Directors and officers need to be certain of their responsibilities relating to the prevention or management of a cyber event, or else they run the risk of being held personally liable should an attack against their firm occur, according to Marsh in comments about the UK D&O market.
Under many regulatory regimes, directors and officers have extensive responsibilities to implement systems and controls to manage their company’s data usage. If, following a cyber attack, it is found that they have breached these fiduciary duties, company directors and officers could be personally exposed to lawsuits, shareholder class actions and regulatory activity.
“Management boards should develop cyber strategies that take these legal obligations into account,” said Beth Thurston, head of Management Liability, Financial and Professional (FINPRO) Practice, Marsh. “However, it is clear from recent high-profile cases that such strategies must be more than a box-ticking exercise – the management of cyber risk now needs to be an intrinsic part of day-to-day life for management boards.”
Marsh said there is an abundance of capacity in the UK insurance market for directors and officers’ liability (D&O) insurance. With the exception of financial institutions, rates for D&O insurance have declined on average by 0 percent to 10 percent, or have remained stable, in the last 12 months. As a result, clients are increasingly utilizing the cost savings on their current program to purchase larger limits of D&O insurance.
“Although the UK D&O insurance market is still highly competitive, insurers are acutely aware of the impact cyber-related claims can have on their margins. As a result, underwriters are scrutinizing their clients’ policies and procedures to establish a clearer picture of the understanding and management of cyber risk at board level,” said Eleni Petros, a senior vice president in Marsh’s FINPRO Practice.

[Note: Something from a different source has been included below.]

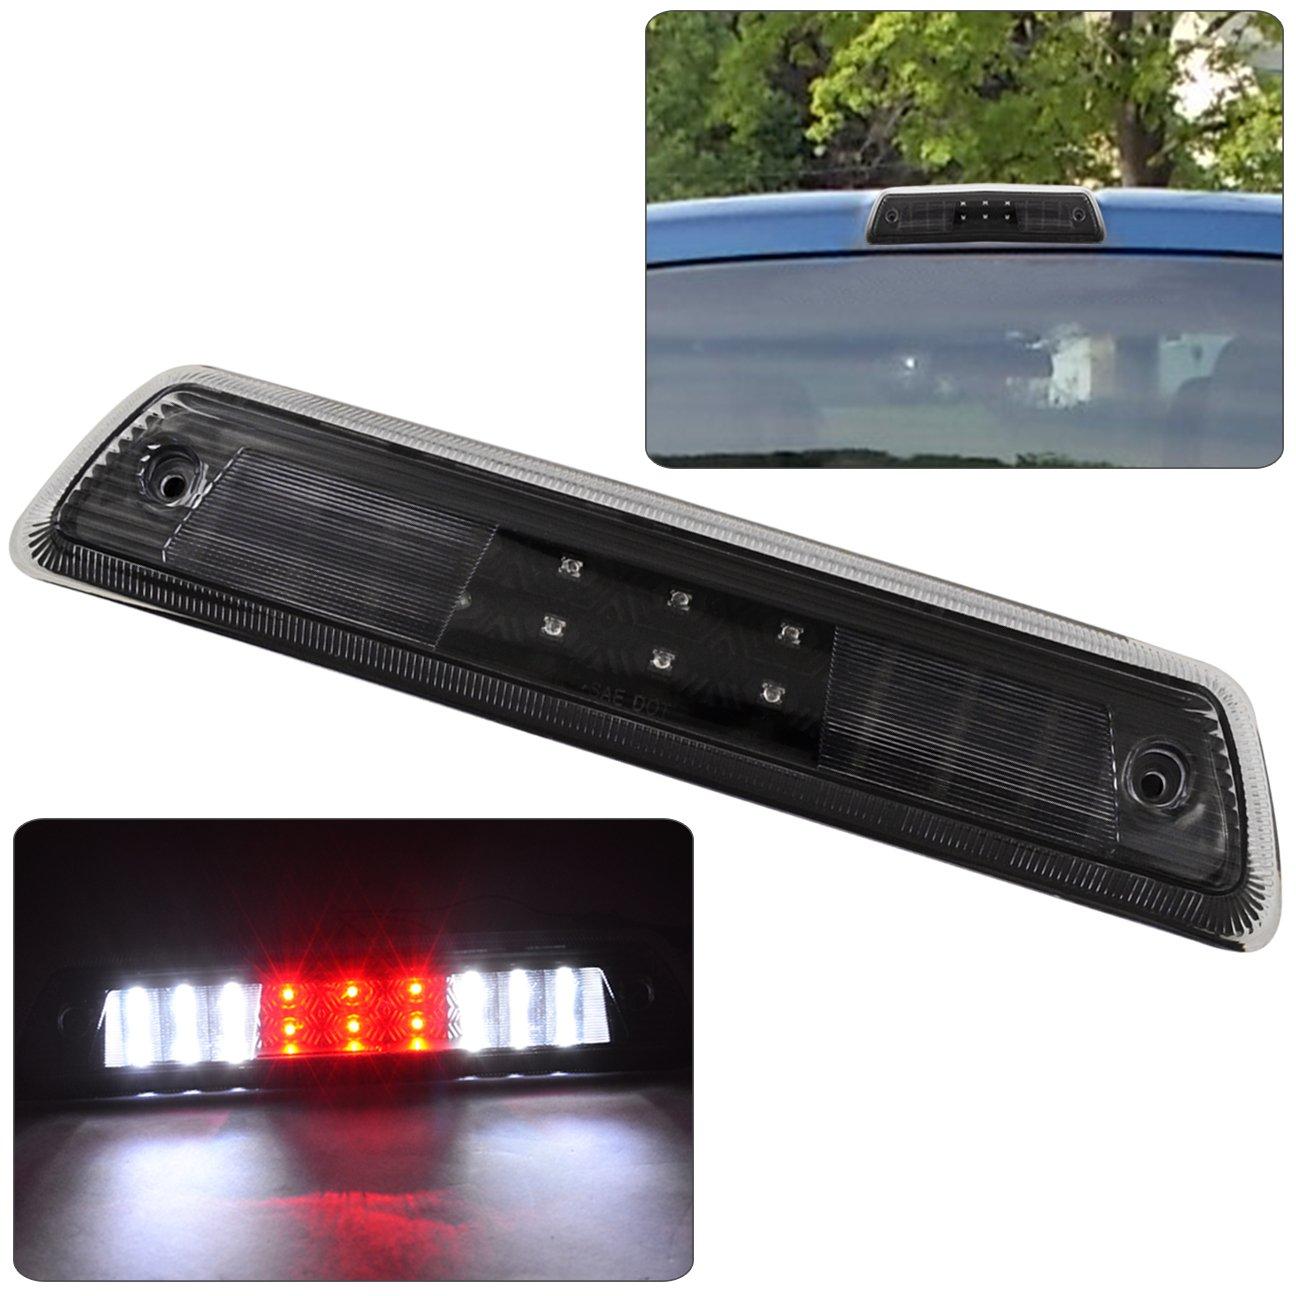 09 10 11 12 13 14  Ford F-150 F150 Smoke Lens LED BAR Third Brake Light SMOKED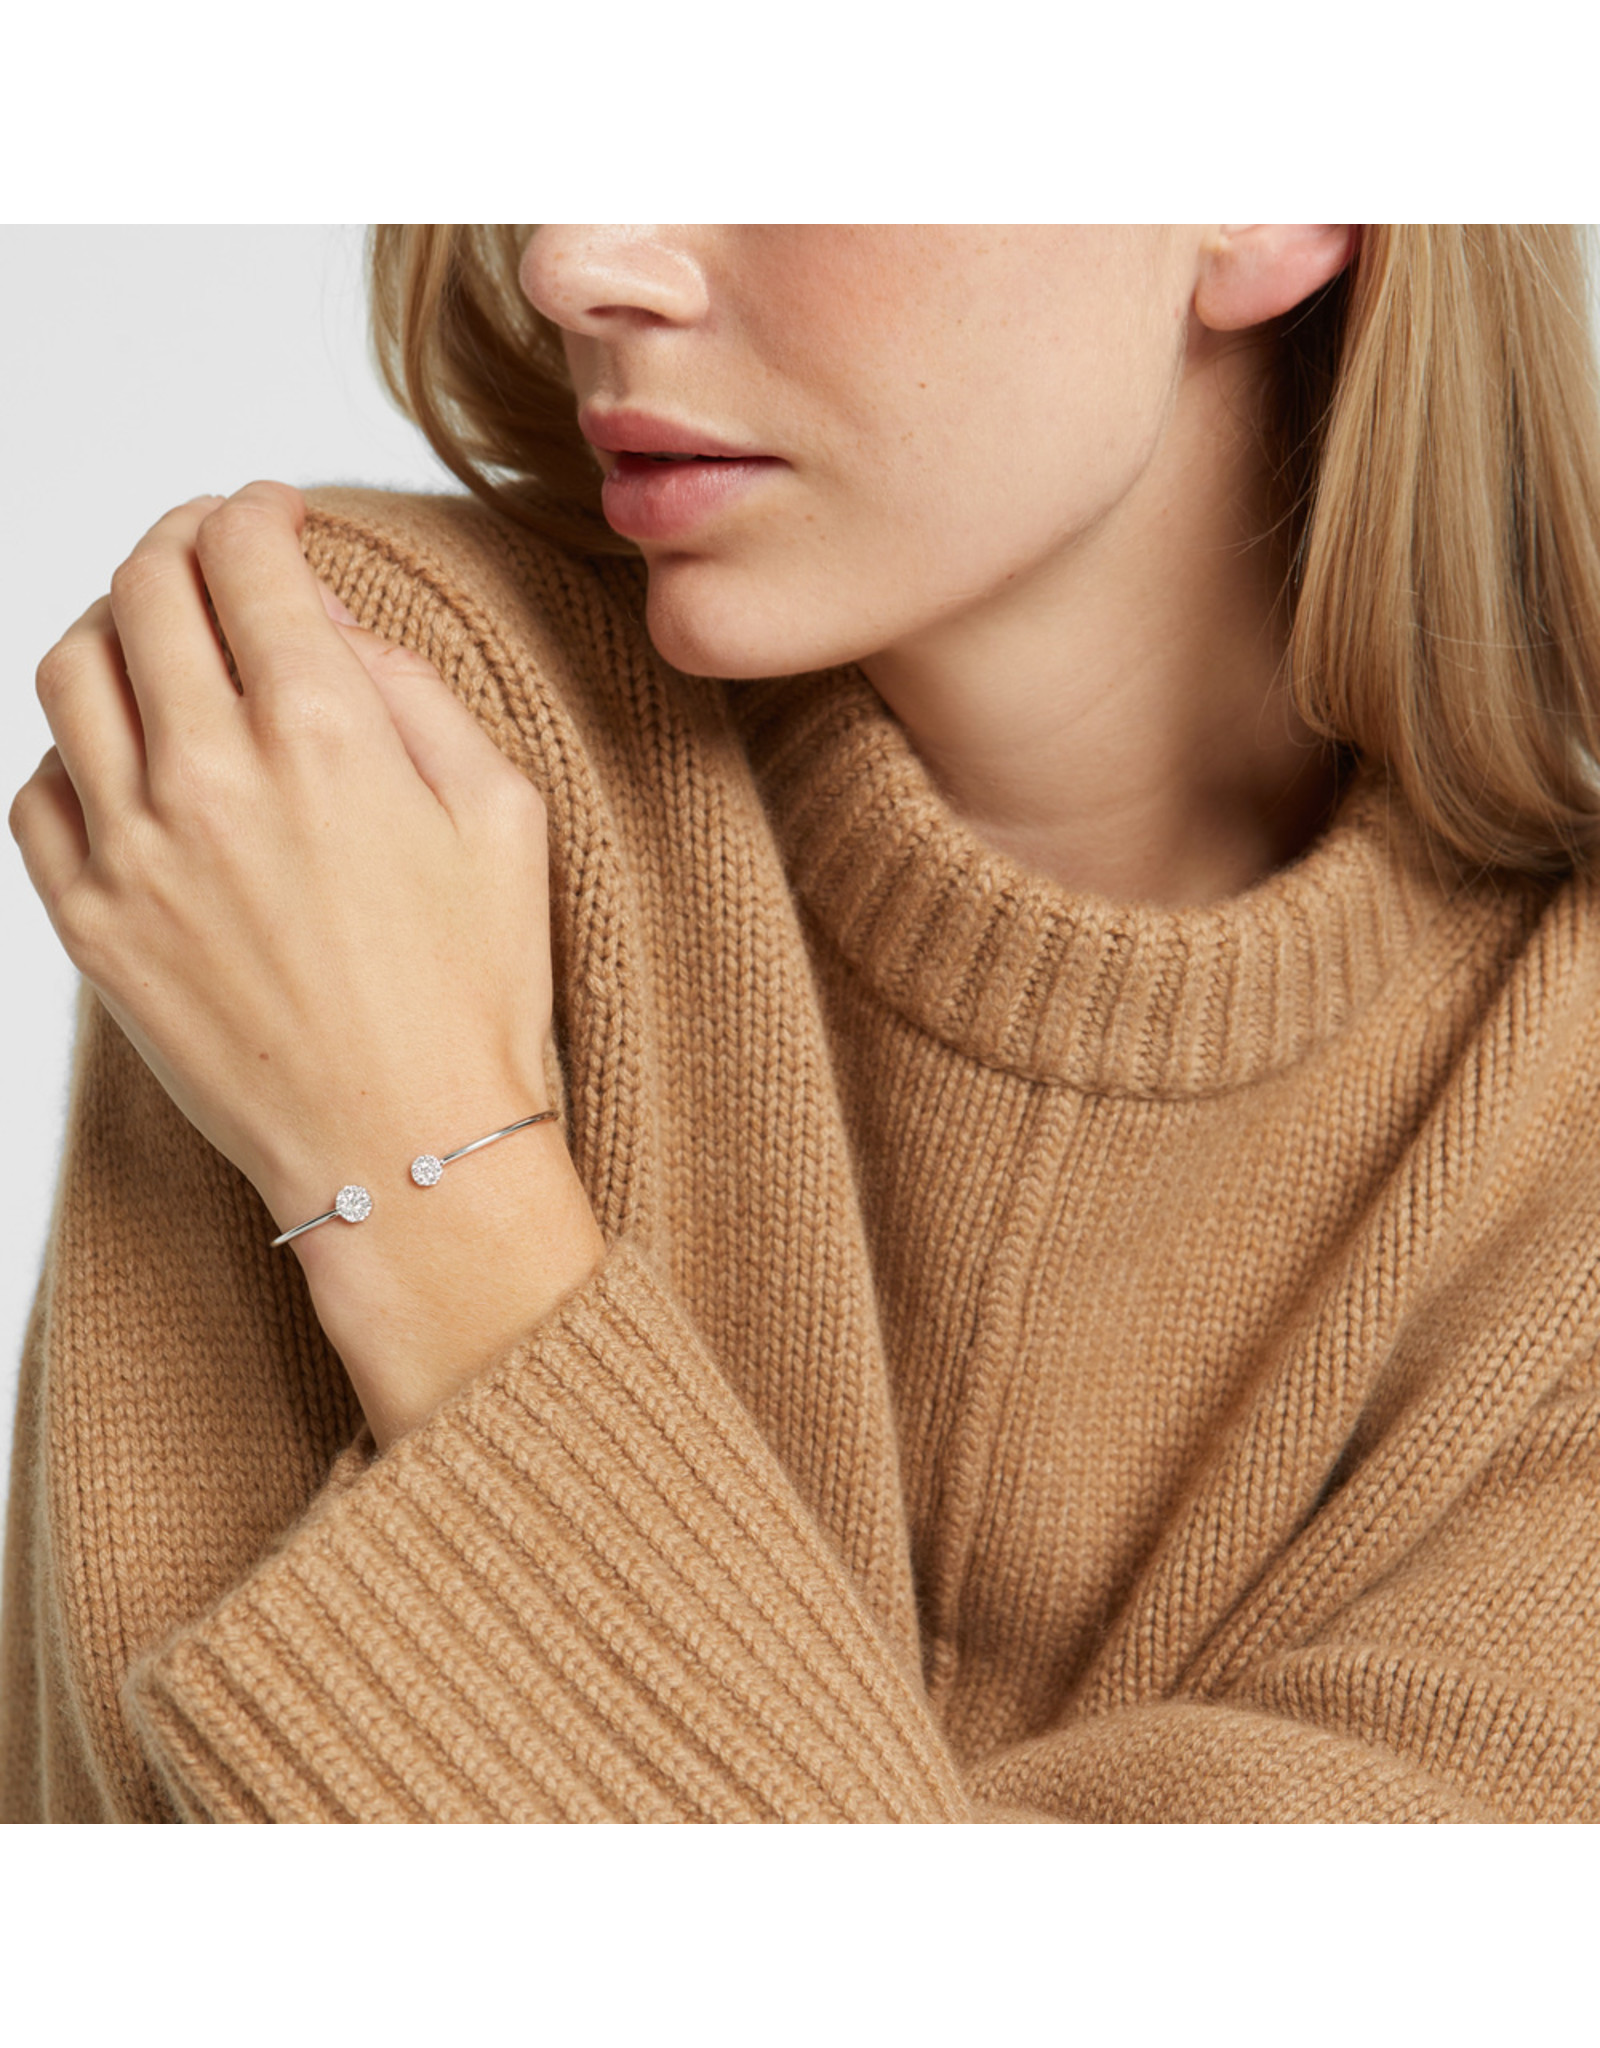 Sara Weinstock Sara Weinstock Reverie Round Cluster Bangle Cuff - White Gold

“Typical D&O policies are very broad and cover individual directors for all acts, errors, and omissions arising from their conduct as directors, which could include matters relating to a cyber incident,” she said.
“Cover may also be available for the company itself in the event of shareholder litigation, but insureds should check that there is no cyber exclusion, which would mean that no insurance cover is available for a cyber incident,” Petros continued.
“Directors and officers should take a proactive approach to managing their insurance arrangements. By ensuring that they have adequate cover in place, they can personally protect themselves from the impact of regulatory investigations or shareholder litigation following a cyber incident,” she said.